On quality, Saiheat scores 19/100 on Intrinsiqq's quality scorecard (a lower-quality business on these measures), weighing growth, margins, returns on capital, share count, and balance-sheet strength. All figures are computed from SEC filings; read the full . This is analysis, not investment advice.
Saiheat scores 19 out of 100 on Intrinsiqq's quality score, a weighted blend of 7 metrics each scored 0 to 100, which makes it a lower-quality business on these measures. Recent fundamentals include a -150.9% operating margin and a -37.6% return on invested capital. The score weighs revenue and free-cash-flow growth, operating margins, return on invested capital, share-count change, and balance-sheet strength, all computed from SEC filings, not opinion. Because valuation only means something relative to quality, the full metric-by-metric breakdown is on the quality scorecard.

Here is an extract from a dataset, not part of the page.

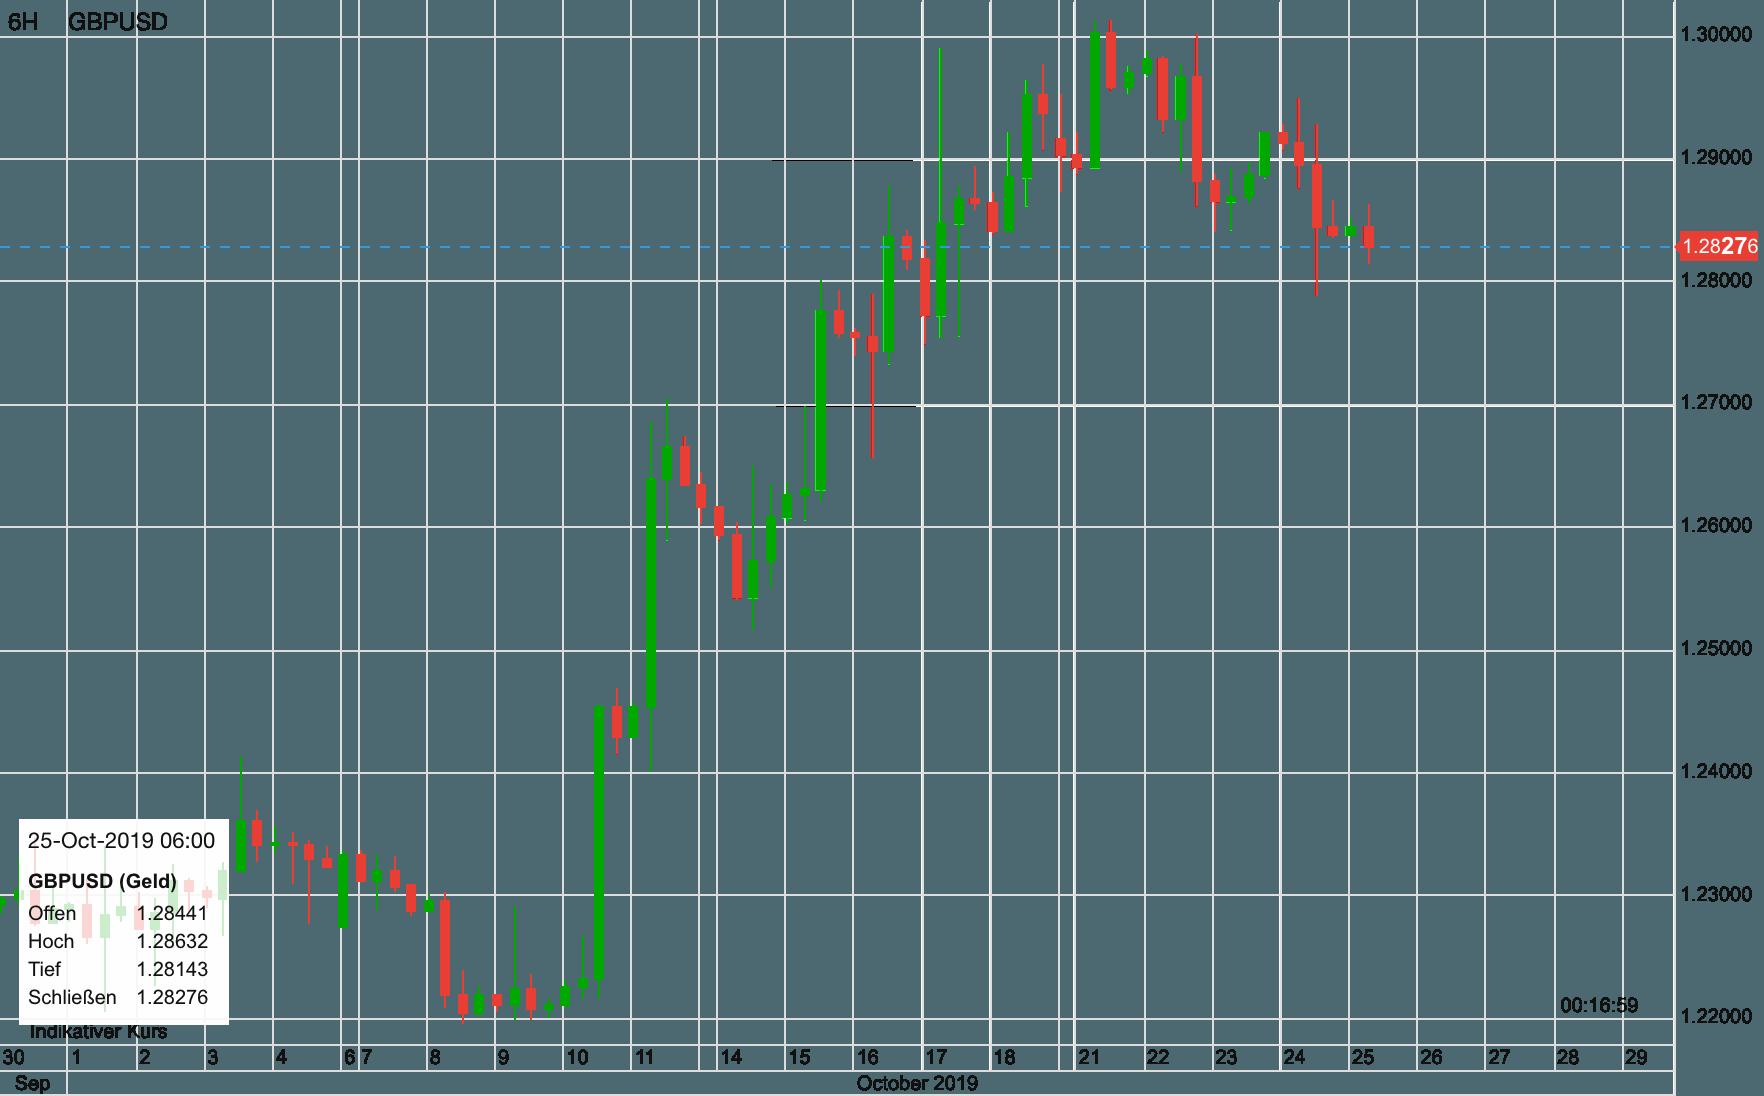 Pfund vs USD seit Anfang Oktober

That depends on valuation and quality together, not either alone. you should weigh SAIH's valuation and scores 19/100 on quality (lower-quality). A cheap price is only a bargain if the business is durable, and a premium can be justified by genuine quality, so the two questions, "is it cheap?" and "is it good?", only make sense side by side. Read the valuation against the quality scorecard, run the DCF on your own assumptions, and decide for yourself. This is analysis from SEC filings, not investment advice.